That only refers to the non-NCQ FUA support. FUA support for NCQ
appears to be mandatory but libata doesn't currently do this (i.e. FUA
is only reported if the drive reports the non-NCQ FUA commands are
supported).

>
>> I believe I proposed this some time ago. Essentially all modern drives
>> should support FUA now, since it's part of the definition of the NCQ
>> (FPDMA) read/write commands. However, as I recall one of the objections
>> to enabling it was that since it's just a bit in a command, there's a
>> possibility that some drives may ignore it by accident or design, which
>> is less likely with an explicit cache flush command.

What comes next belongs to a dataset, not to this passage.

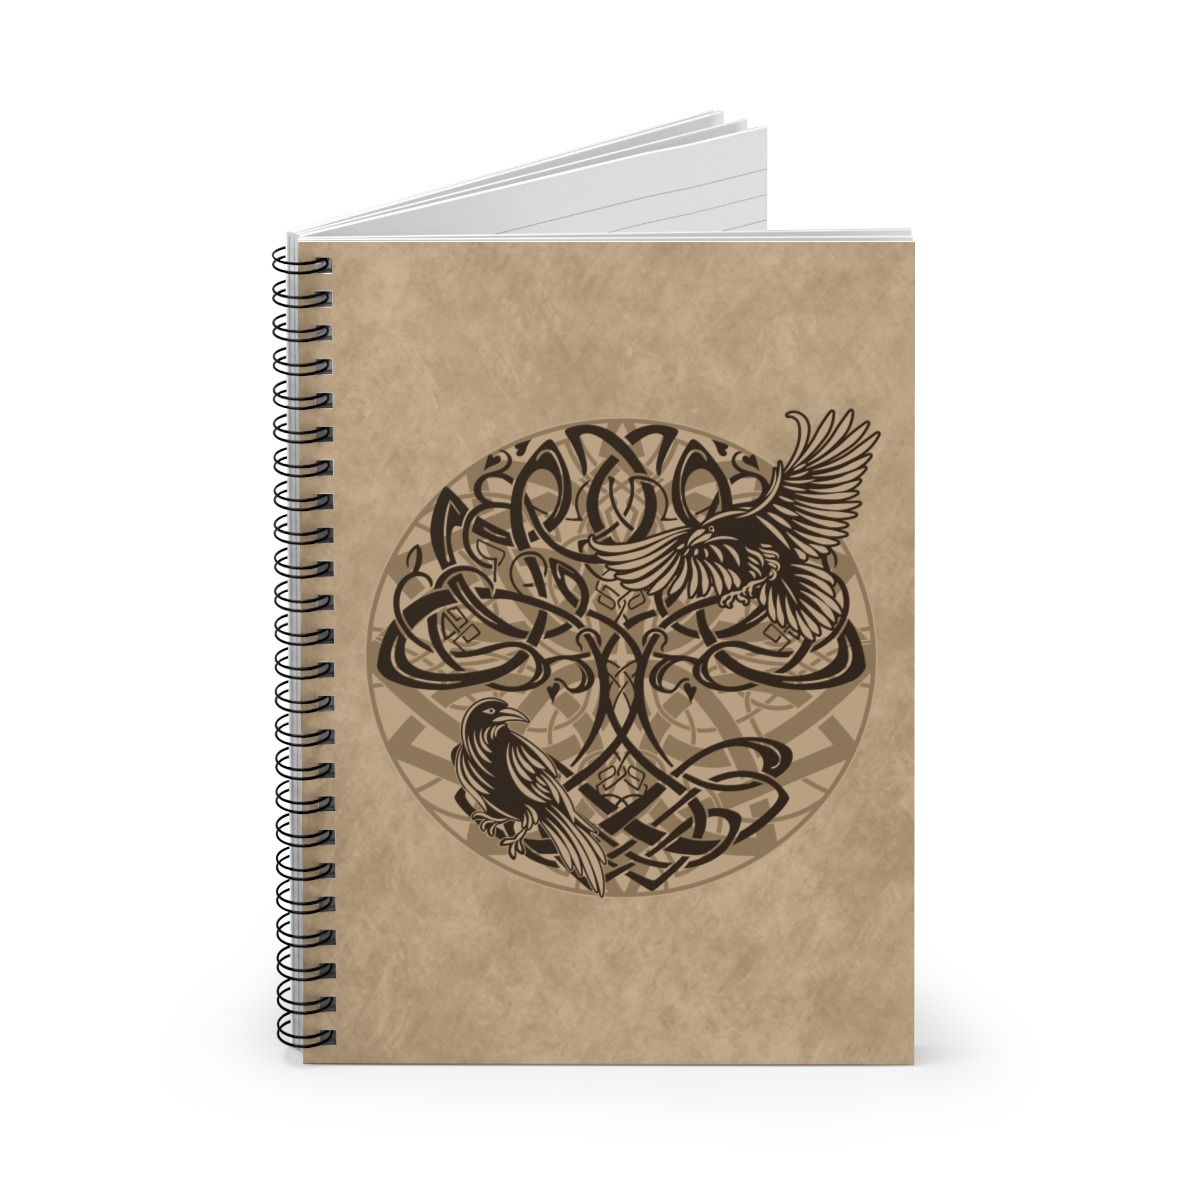 Gold Yggdrasil Ravens Ruled Line Spiral Notebook

I'm not very
>> inclined to agree myself (if you go down that road of pre-emptively
>> predicting drive implementer stupidity, where do you stop?) but that's
>> what was raised.
>
> This is interesting as per above - the WDs I have definitely supports
> NCQ, and does that quite well (their scalability is a bit better than
> the one from Hitachi), but does not support FUA, or at least linux
> treats them as such.
>
>> Another complication is that NCQ can be disabled at runtime either by
>> user request or by error-handling fallback, and not all drives that
>> support NCQ also support the FUA versions of the non-NCQ read/write
>> commands, so changes in NCQ enable status may also need to result in
>> changes in FUA support status on the block device.
>
> Well, the only way to find out is to actually try to enable it.
> So far, the hitachi drive (which is a main drive on this my
> workstation, -- system, development, compilation etc) works
> without issues, and kernel compile time reduced for about 2%
> (I didn't perform good tests so far, so that 2% may be just
> random noize - will take a closer look in a few days to this).
>
>> I believe the way the block layer uses it, basically it only saves the
>> overhead of one transaction to the drive. It might be significant on
>> some workloads (especially on high IOPS drives like SSDs) but it's
>> likely not a huge deal.
>
> One transaction per what?  If it means extra, especially "large"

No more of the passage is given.